Let the whole world know about your latest product launch, even on the tightest budget.
August 1, 2002
URL: http://www.entrepreneur.com/article/53662

Bringing a new product to market is a major challenge for many entrepreneurs. Whether you're marketing software or an exercise video, your choice of tactics will be shaped by the size of your marketing budget and whom you're trying to reach. So this month, the focus is on ways to successfully launch a product-nationally, city by city, or in your own hometown-no matter your budget.

Suppose you owned a health club and decided to market your own exercise video. You could run cable TV spots nationally, in select cities or locally, where word-of-mouth from your members would fuel buzz. For an effective marketing mix, a media relations campaign targeting key editors and direct response print ads would complement the TV spots. Often, consumer magazines, such as Self, for example, offer reduced rates if your ad is for a product ordered by mail, and many city publications, like D magazine in Dallas, have lower rates for retail advertisers.

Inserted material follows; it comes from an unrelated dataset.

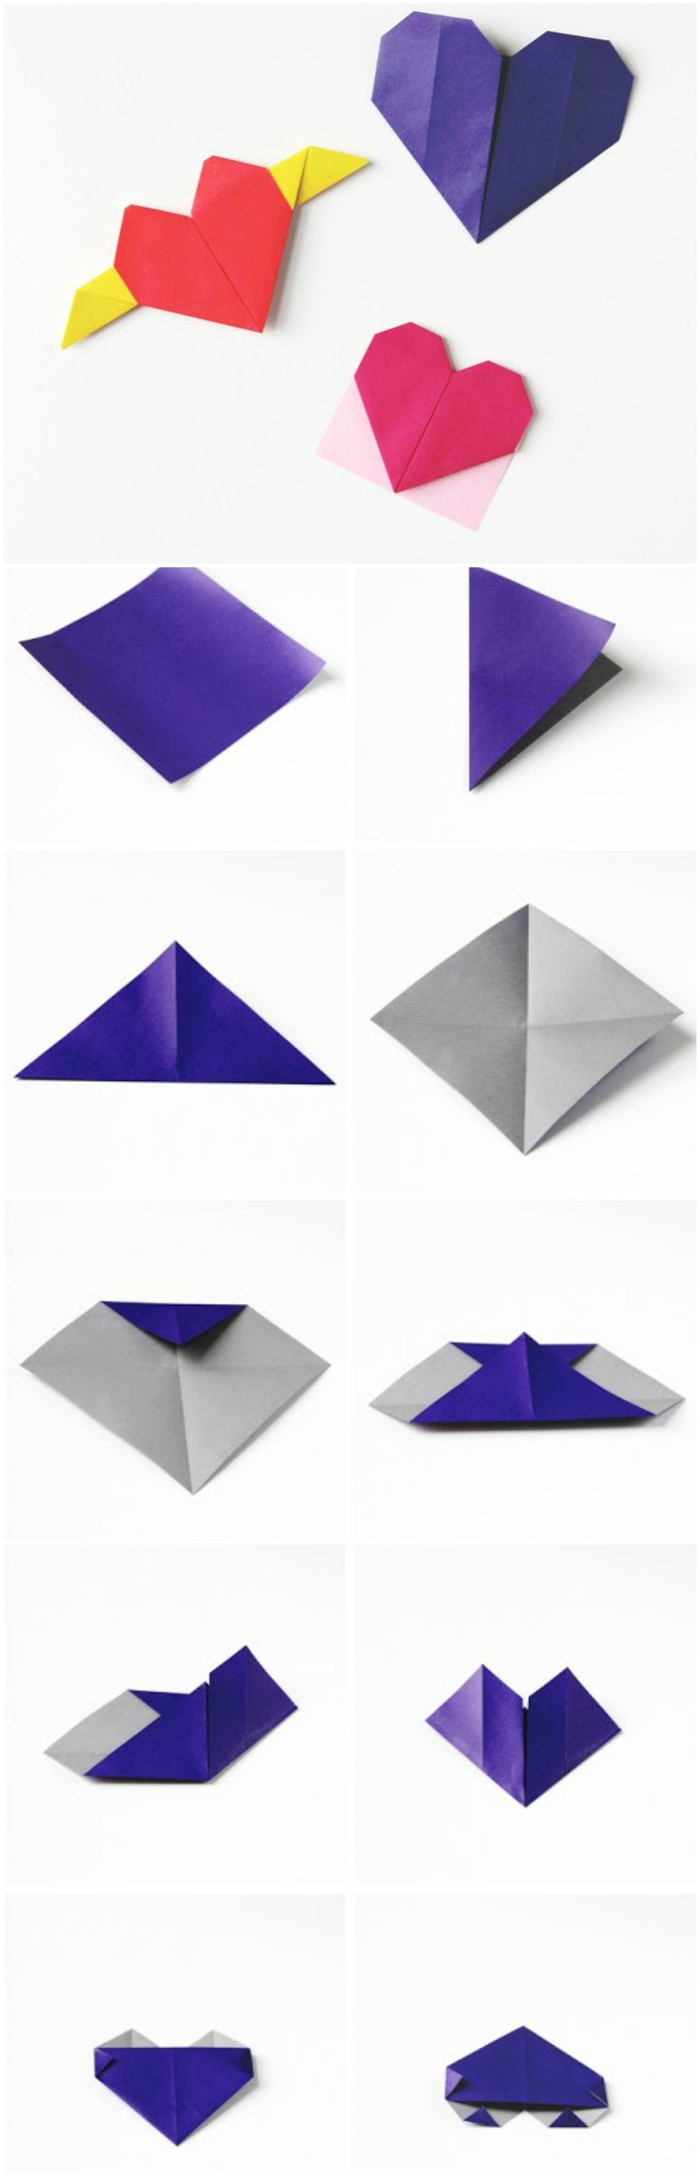 trois façons de réaliser un coeur origami décoratif avec les étapes de pliage papier en photos

With a limited budget, success often comes from developing a wholesale marketing program that targets select catalogers or retail stores.

E-mail marketing could also be used to launch a computer game, for example. Outdoor billboards, magazine ads and place-based media that target young males-from posters in nightclubs (www.ajindoor.com) to ads on stadium snack packs (www.innovativemediaservices.com)-would enhance the campaign.

But some products must be experienced by potential buyers firsthand. Consumer craft shows (www.craftfair.com) and expos, as well as trade shows for B2B marketers (www.tsnn.com), can help present your product in a stimulating way.

PR can also lay the groundwork for taking a local product to a national audience. Let's say you market gourmet brownies. A compelling story in a major magazine about your old family recipe could help you sell to stores nationwide. Smart PR and solid, creative thinking are investments of time, not money. And they can make things happen for you.